If we had a really small number like 0.000002513 (about two hundred millionths), we’d move the decimal point like this, 6 places to the right:

When you move the decimal place to the left, the exponent is positive and that means it’s a big number. So our first example in scientific notation would be 5.32 x 10^{12}. When you move the decimal point to the right, the exponent is negative, meaning it’s a tiny number – our second example in scientific notation would be 2.513 x 10^{-2}.

**Why is Nano Day 10/9?**

So, coming back to Nano Day: what makes October 9^{th} symbolize nano? This is where metric prefixes come in. These are a series of prefixes we use to help quickly describe the scale of a unit of measurement. You may be familiar with some like milli (think *millimeter *or *millisecond)* or kilo (like *kilometer* or *kilogram*).

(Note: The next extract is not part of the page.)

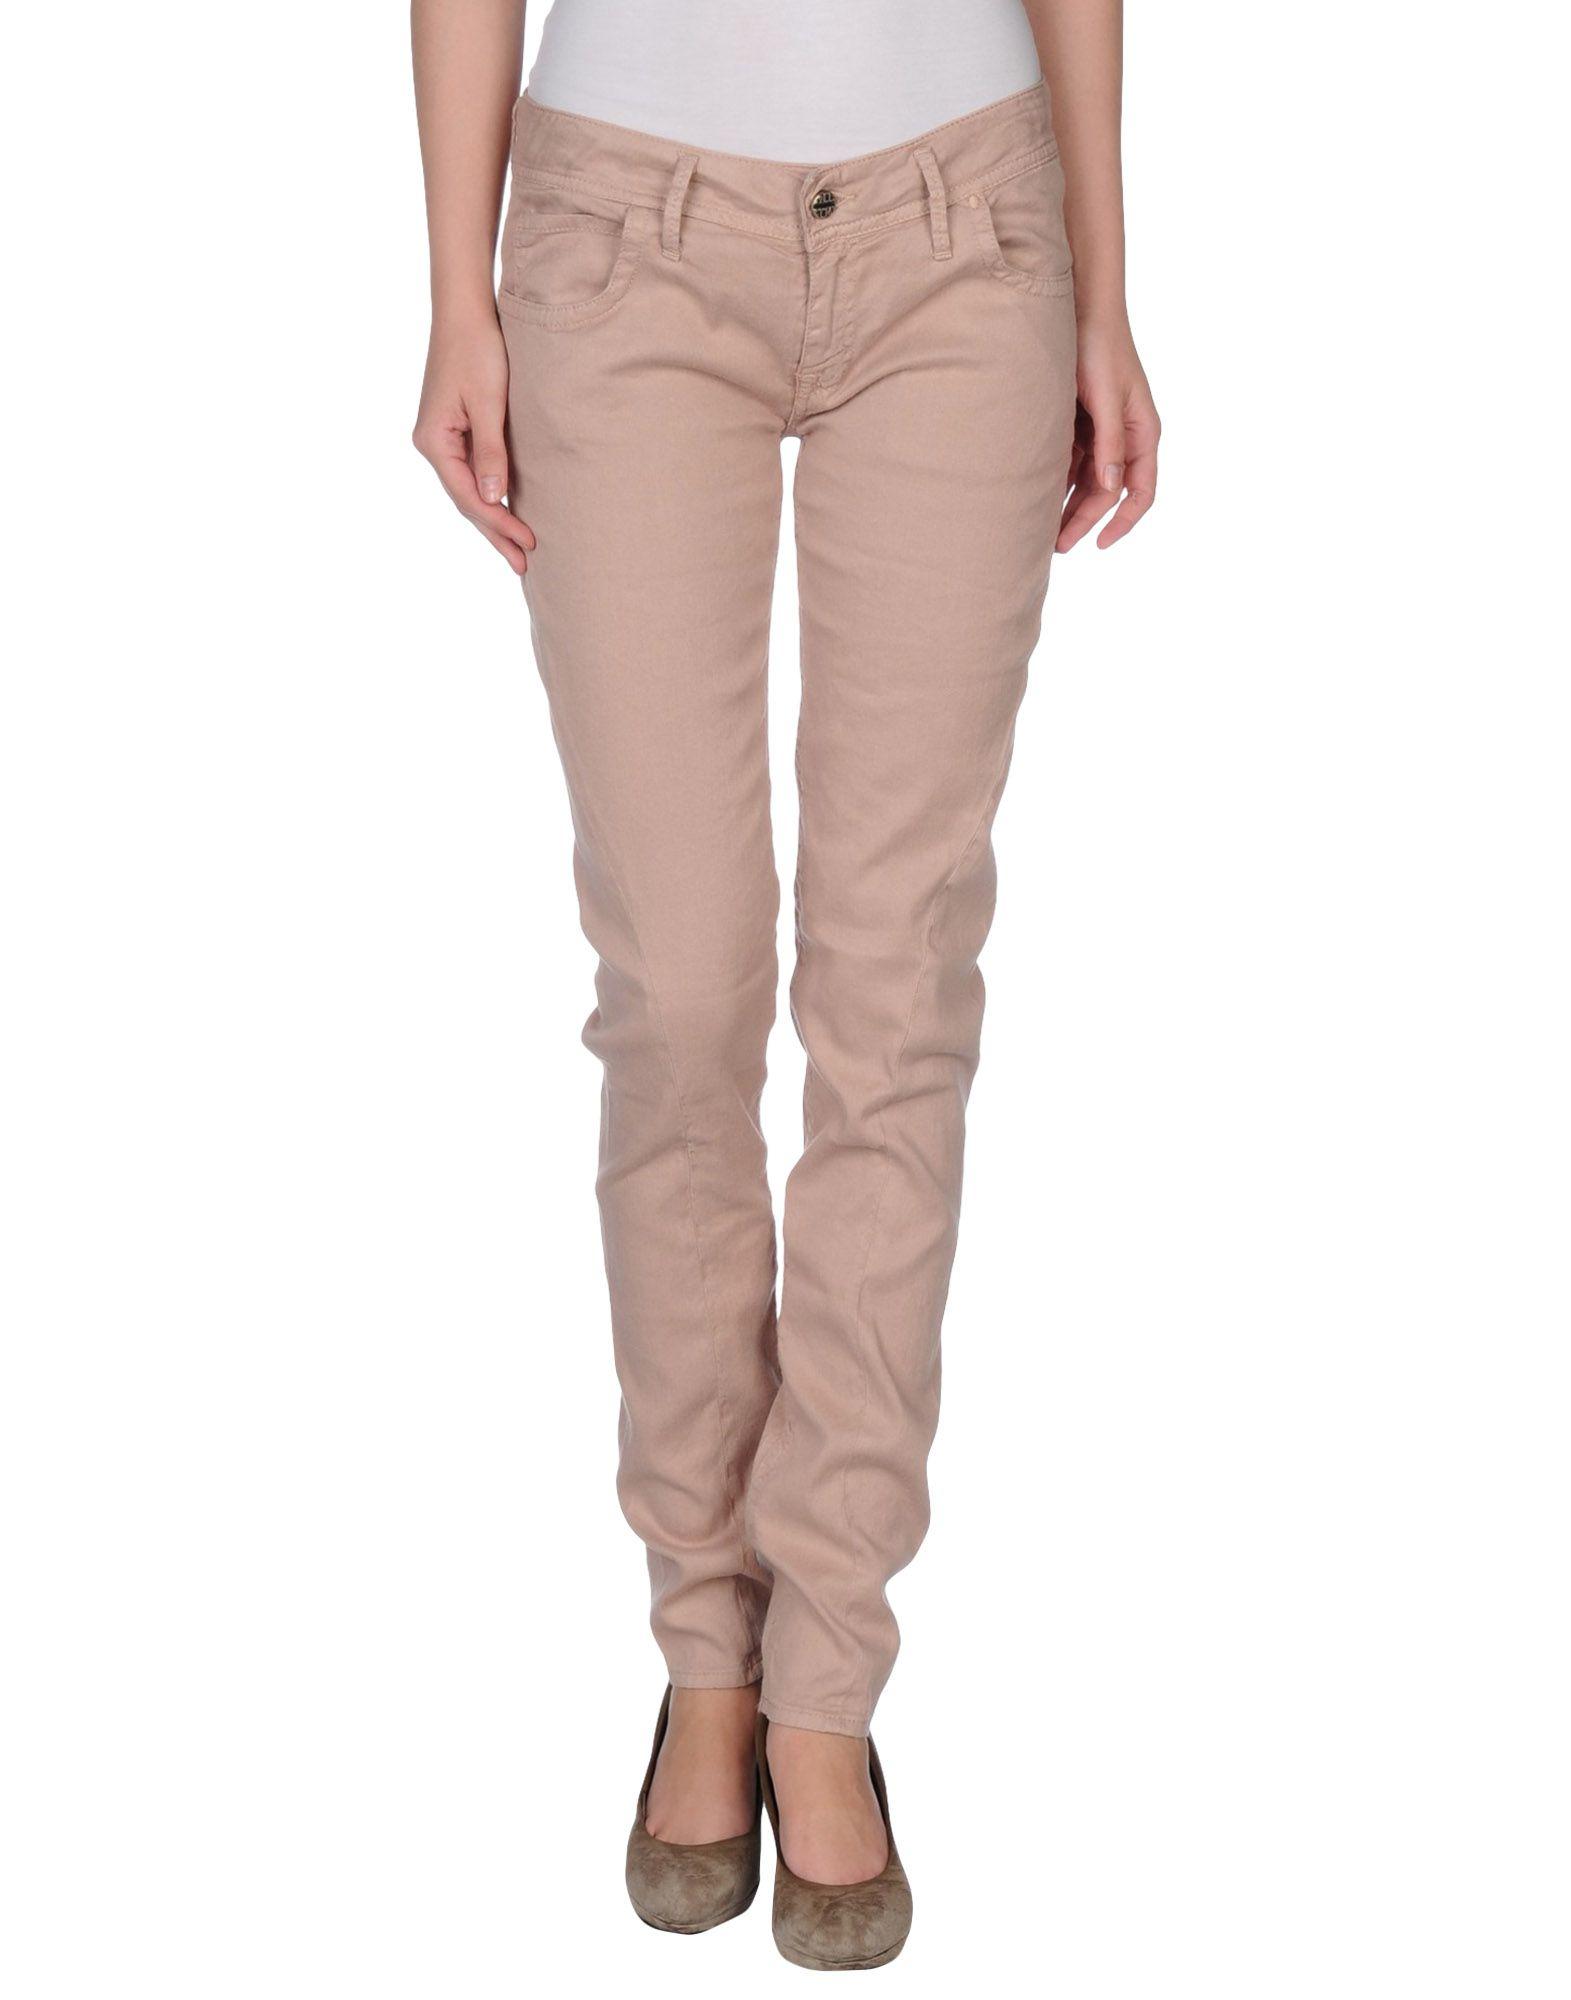 Cycle Denim Pants in Beige (Skin color) - Save 85% | Lyst

The most common prefixes range from the billions to the billionths, each representing a specific exponent or power of ten:

Prefix | Power |

Giga- | 10^{9} |

Mega- | 10^{6} |

Kilo | 10^{3} |

Hecto- | 10^{2} |

Deka- | 10^{1} |

Base | 10^{0} |

Deci- | 10^{-1} |

Centi- | 10^{-2} |

Milli- | 10^{-3} |

Micro- | 10^{-6} |

Nano- | 10^{-9} |

Pico- | 10^{-12} |

There’s nano way down at the bottom! 10^{-9} gives us 10/9 or October 9 for Nano Day!

**Fun with exponents**

To give some scale to these prefixes, let’s put them in terms of lengths. The base for length in the metric system is the meter (m) which is a little longer than a yard, so about the height of many doorknobs. You could write 1 meter as 1 x 10^{0} in scientific notation, but you probably wouldn’t bother because that’s the same as writing 1 x 1.

Going larger you have the kilometer (km, 10^{3}) which is equivalent to a little over half a mile. Many humans can run multiple kilometers at a time, like 5k or 10k races you might have watched in the Olympics this past summer. Larger than that are megameters (Mm, 10^{6}) which could be used to describe the size of medium to large countries, and gigameters (Gm, 10^{9}), which start to describe the size of planetary bodies. Our sun makes a good example, with a diameter of 1.3 Gm; the distance between the earth and the sun is 150 Gm!

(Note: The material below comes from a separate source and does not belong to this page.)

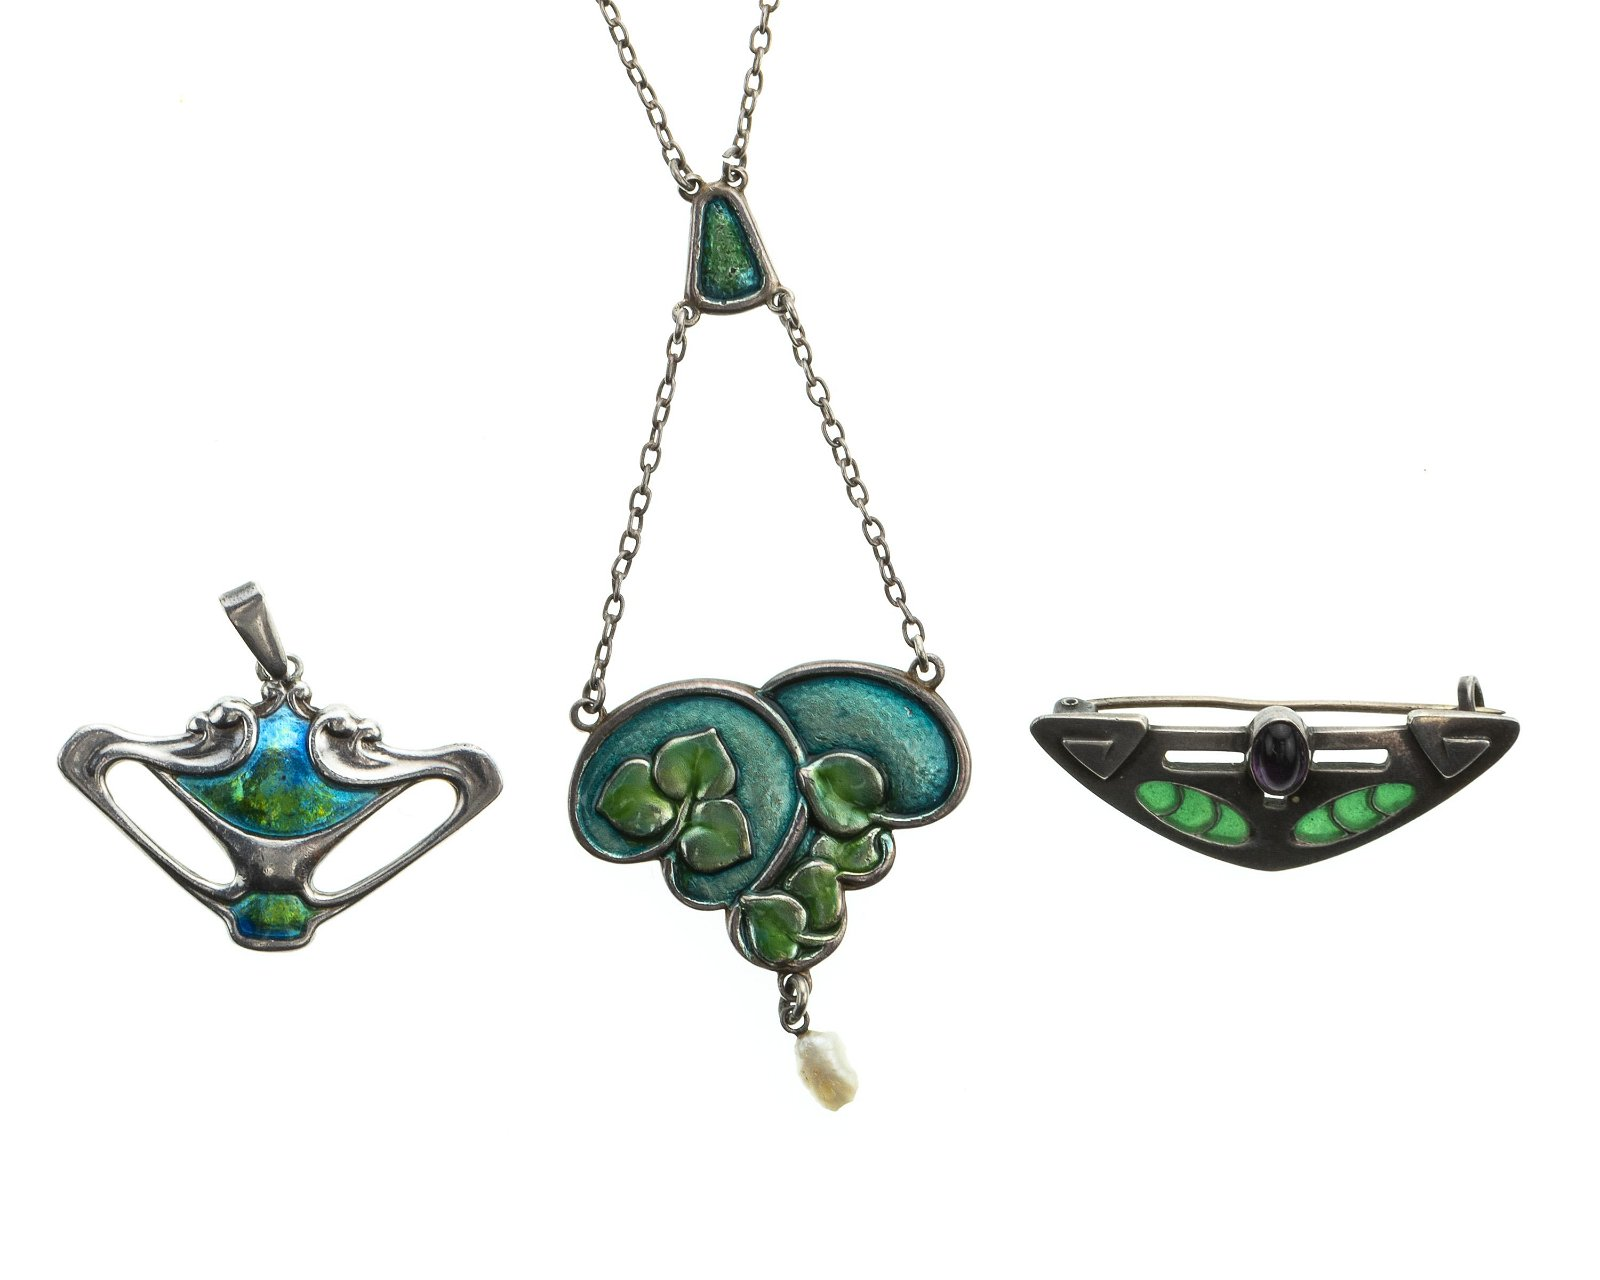 Three silver jewelry items

On the other end of the spectrum, going through the prefixes for tiny numbers we start getting closer to nano. Centimeters (cm, 10^{-2}) are finger size and useful for everyday measurements, and your hair is roughly the size of a millimeter (mm, 10^{-3}). Next are micrometers (μm, 10^{-6}. There are just too many m-abbreviations so we use the greek letter *mu* here.) Micrometers are on the scale of bacteria and cells, so small we need a microscope to see them. Finally, we hit nanometers (nm, 10^{-9}), the size of the particles we work with in the CSN. They’re around the size of a virus or your DNA. Stuff so small you can’t even see it with a regular microscope because it’s smaller than wavelengths of visible light!

So, we can see that Nano Day was placed on the ninth of October because nano represents the billionth scale or 10^{-9}. It seems fair to also say that today is Giga Day, but it might be better to hit up NASA about that one. If you want to find out different ways that you can celebrate, you can find some great ideas on the NNI website, like running a 100 Billion Nanometer Dash. You can also find some more suggestions on our blog, such as making nano s’mores or contemplating how nanoscience relates to a pint of beer or even chocolate. Whatever you do, I hope this post gives you a new appreciation for the uses of scientific notation in nanoscience and our everyday life.